Chowell noted that the passengers on the ship tended to be older and therefore more likely to develop symptoms. He estimated that around 40 percent in the general population might be able to be infected without showing signs of it.
There have also been many hints, subtle and not, that the virus can be transmitted via aerosols. Sixty members of a choir in Seattle gathered on 10 March for a practice session for more than two-and-a-half hours. None of them felt ill, and they made no contact with one another. But by this weekend, dozens of the members had fallen ill, and two had died.
Their experience points toward airborne transmission via aerosols, which can travel farther than the large droplets the WHO and the CDC have emphasised. The virus is still most likely to be expelled with a cough or a sneeze, as far as eight metres (about 26 feet), according to one study. But studies on influenza and other respiratory viruses, including other coronaviruses, have shown that people can release aerosols containing the virus simply by breathing or talking — or, presumably, by singing.
“I think increasing evidence suggests the virus is spread not just through droplets but through aerosols,” Chowell said. “It would make a lot of sense to encourage at the very least face mask use in enclosed spaces including supermarkets.”
Several studies have shown now that people infected with the new coronavirus are most contagious about one to three days before they begin to show symptoms. This presymptomatic transmission was not true of the coronaviruses that caused severe acute respiratory syndrome and Middle East Respiratory Syndrome (MERS).
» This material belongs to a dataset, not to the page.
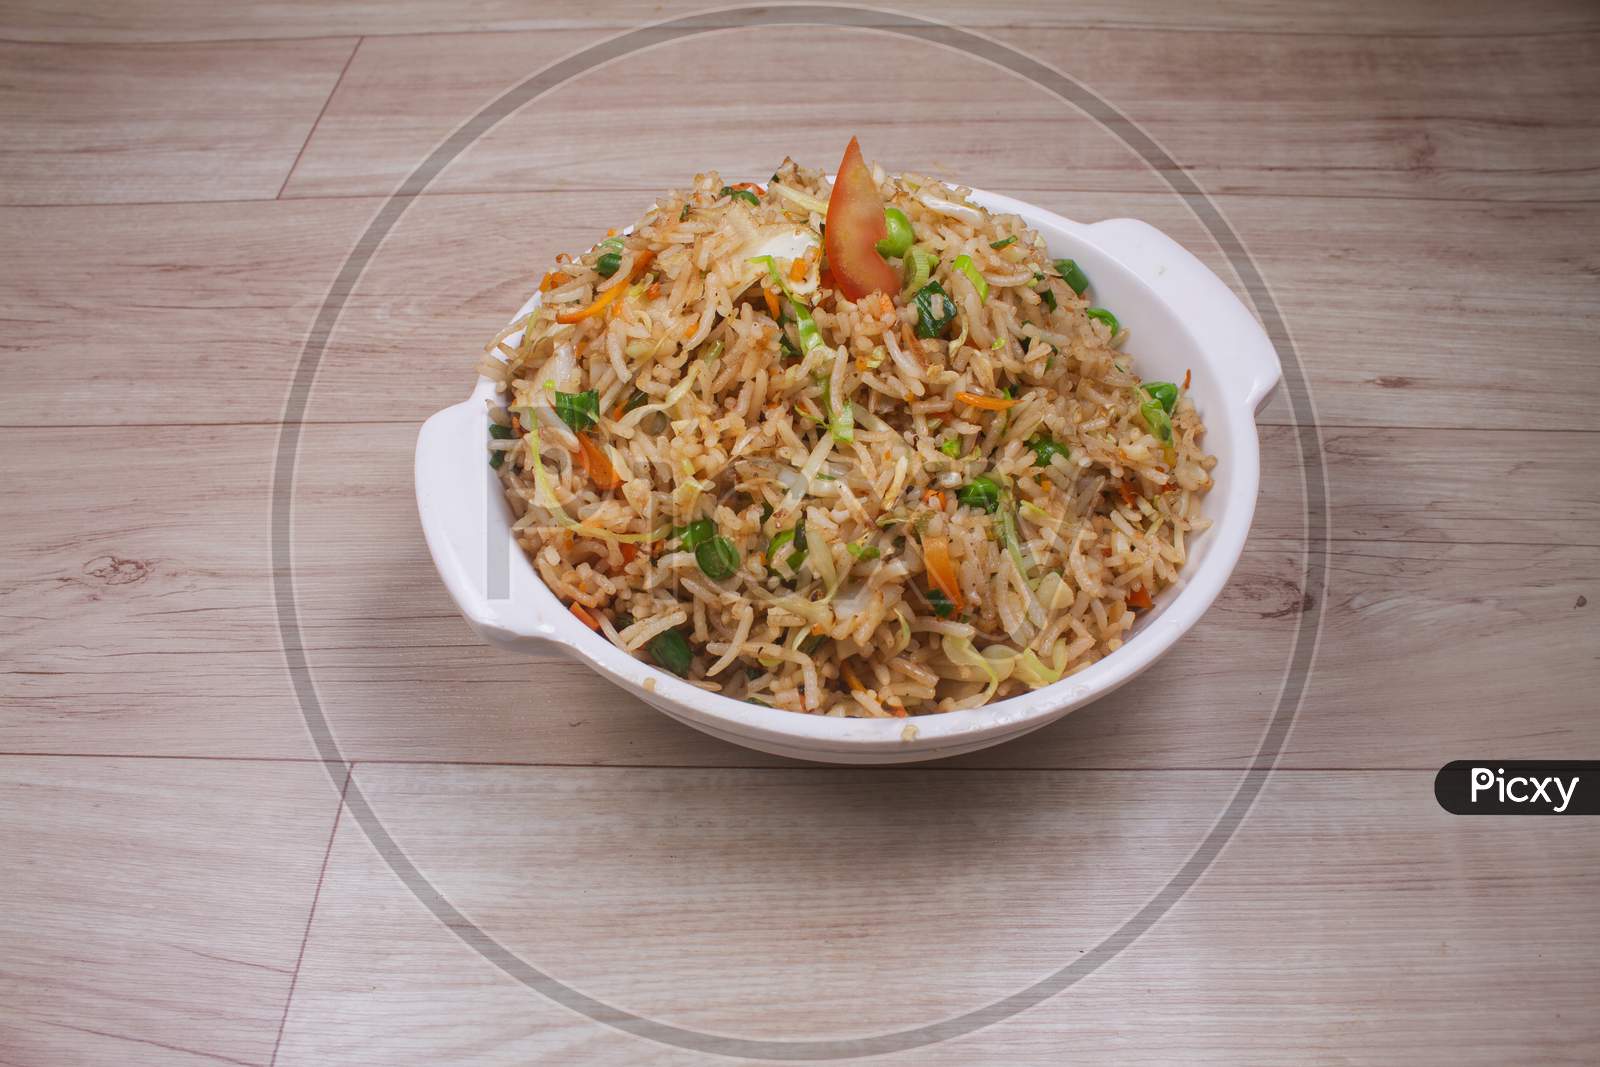 Healthy And Tasty Veg Fried Rice Made From Mixed Veggies, Served In Bowl On Rustic Wooden Background, Indian Cuisine, Selective Focus

“This is where we got very lucky with SARS, was that it really didn’t transmit until after people were showing symptoms, and that made it much easier to detect it and shut it down with aggressive public health measures,” said Dr Carl Bergstrom, an expert in emerging infectious diseases at the University of Washington in Seattle.
With the new coronavirus, there is transmission by healthy-seeming people, and often severe symptoms and a high fatality rate. “That whole combination makes it very, very tough to fight using standard public health measures,” he said.
Rapid tests for infection might help detect people, especially health care workers, who are infected yet feel normal. Masks may help. But experts kept returning to social distancing as the single best tool for stopping the chain of transmission in the long term — not lockdowns, necessarily, but canceling mass events, working from home when possible and closing schools.
“We can’t assume that any of us are not potential vectors at any time,” Bergstrom said. “This is why even though I’m feeling great, and have felt great and haven’t been exposed to anybody with any symptoms of anything, that’s why it would be irresponsible of me to go out and about today.”